Cover Story

'Trace' Draws a Solid Fan Base

By Marc D. Allan
Special to The Washington Post
Sunday, March 18, 2007; Page Y05

Fans of the missing-persons drama "Without a Trace" know little about the early life of Samantha Spade, the FBI investigator played by Poppy Montgomery. That changes tonight with the first of a two-part story in which Spade's sister is introduced -- and then goes missing.

"We find out some stuff that's incredibly dark about her past and her relationship with her family," Montgomery said of her character. She declined to elaborate in hopes of, as she said with a laugh, being "vague yet intriguing."


TV Week

Executive producers Greg Walker and Jan Nash were willing to share a bit more. Those who follow the show, they said, have seen hints in the second and third seasons of Spade's broken family, along with allegations of abuse. And in an episode earlier this season, Spade reacted impassionedly to the case of a missing artist.

"That episode ends with what appears to be a flashback from Samantha Spade's point of view of someone being hit with a shovel," Nash said. The episodes tonight and next Sunday "start to answer what that incident was about and why she had such a strong emotional reaction to that one case."

If "Desperate Housewives" had worked up a story line like this, the anticipation would be intense. But "Without a Trace" has generated little of what Hollywood likes to call "heat" -- the attention that creates headlines and yields magazine cover stories.

"I haven't had to buy a tux yet in five years, and I don't know if I'll need to," Walker said. "But we're everybody's mom's or sister's or aunt's favorite show."

"Without a Trace" debuted in 2002, going head-to-head with -- and ultimately beating -- "ER" on Thursdays at 10 p.m. Since moving to Sundays this past fall, the show has regularly won its time slot despite being delayed frequently during football season. "Trace" averages more than 14 million viewers per week and earlier this season passed the 100-episode landmark, which sent it into syndication. TNT airs the syndicated reruns on Wednesdays at 6, 7 and 11 p.m.

"It's huge recognition from our fans," Montgomery said. "Having done five series that failed, it seems to me like such enormous recognition just to hit our 100-episode mark and have such a huge audience. I know how hard it is to get a hit show on the air, so I feel like it's recognized a lot."

Walker said he thinks "Without a Trace" is an under-the-radar type of show. "No one feels abused and isolated," he said, "and no one feels like we're in a situation where we're completely undernourished in terms of praise."

The series succeeds, he and Nash said, because it deals in hope. In the first season, senior agent Jack Malone (Anthony LaPaglia) called himself "a hope junkie," and that phrase is never far from the minds of the writers.

The show doesn't open with a dead body, the way procedural dramas such as "Law & Order" and the "CSIs" typically do. Instead, the mystery begins with what happens just before someone vanishes. The missing person's story is then told through a series of flashbacks that explain the circumstances behind the disappearance.

The "Without a Trace" detectives will usually find the missing person and, in the process, solve the crime -- but the outcome isn't always a happy one.

"Procedurals like 'Without a Trace' have been a staple of TV since the '50s," said Jason Mittell, an assistant professor of American studies and film and media culture at Middlebury College in Vermont. "It's a very comfortable format. You know when you watch that things will be resolved by the end of the episode.

"Most procedurals have a mystery focus, so whether it's a murder mystery like 'CSI' or a medical mystery like 'House,' there's a real sense of 'There's a problem, you're going to spend an hour figuring out how it happened, and by the end there'll be an answer.' And traditionally, the answer is reassuring -- the bad guy is caught, the victim is found," Mittell said.

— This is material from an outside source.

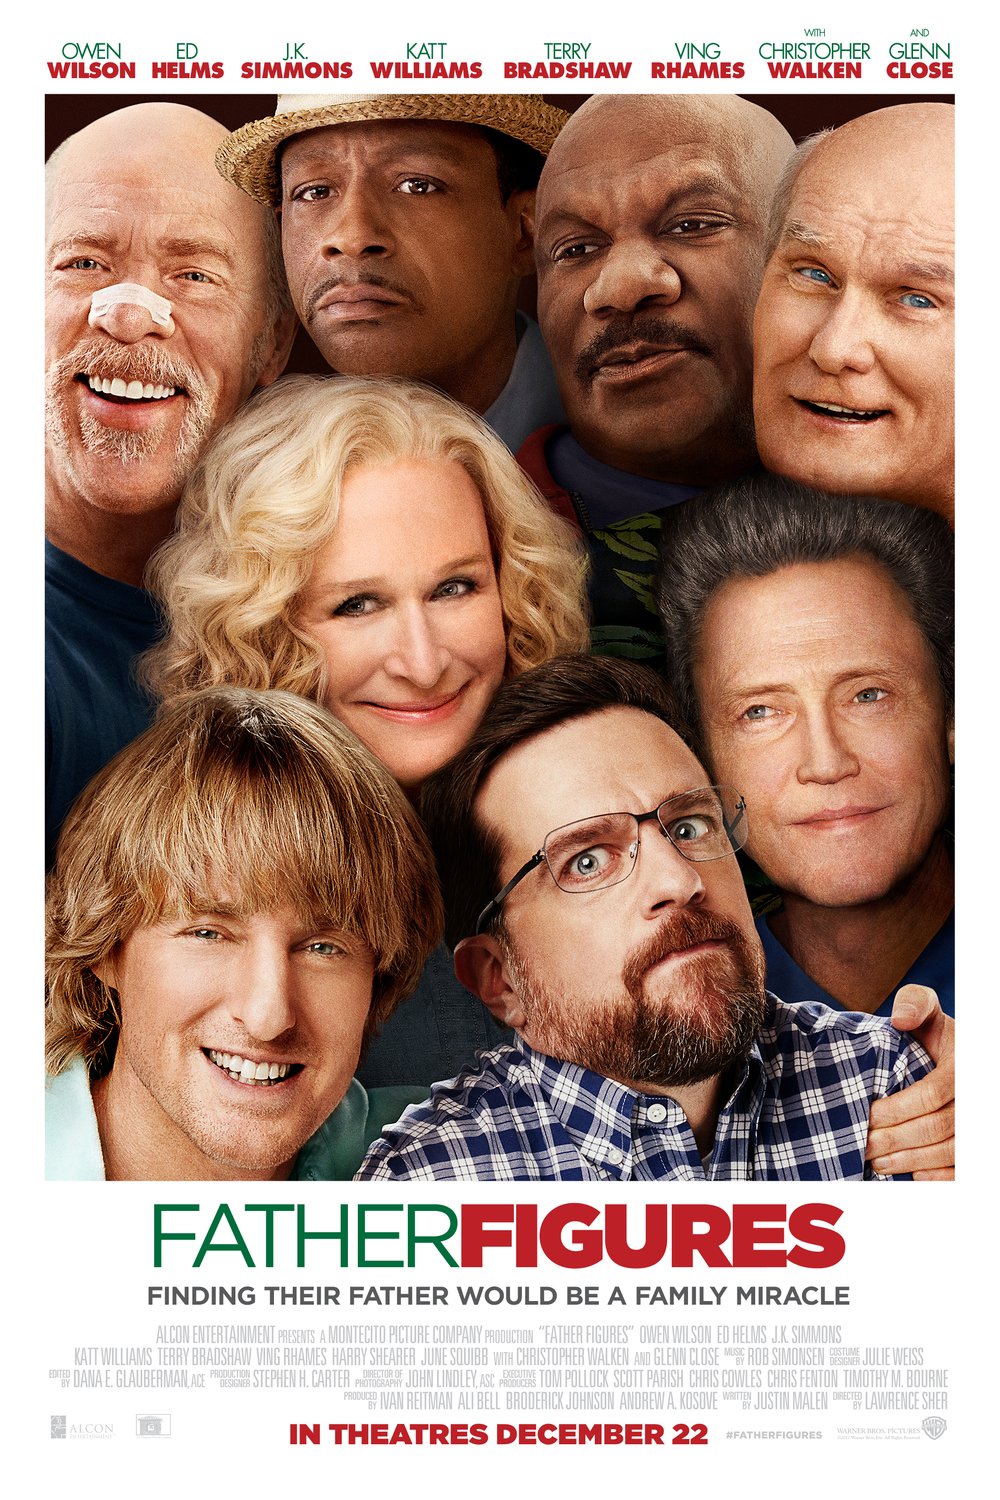 Poster of the movie Father Figures

Rather than stealing from the headlines, some episodes of "Without a Trace" have eerily seemed to forecast them. The Laci Peterson case in California made news months after a Season 1 episode was filmed that centered on a missing pregnant woman. During the second season, the show told the story of a priest involved in a hit-and-run accident; an Arizona bishop was charged in a fatal hit-and-run soon after. And this season's first episode dealt with a boy held captive, a story that played out a lot like the case of missing teens Shawn Hornbeck and Ben Ownby in Missouri in January.

If that sounds spooky, imagine how the writers feel. In brainstorming episode ideas, Nash said, chuckling, "there's a standard rule around here that no writer of a procedural television show should go missing."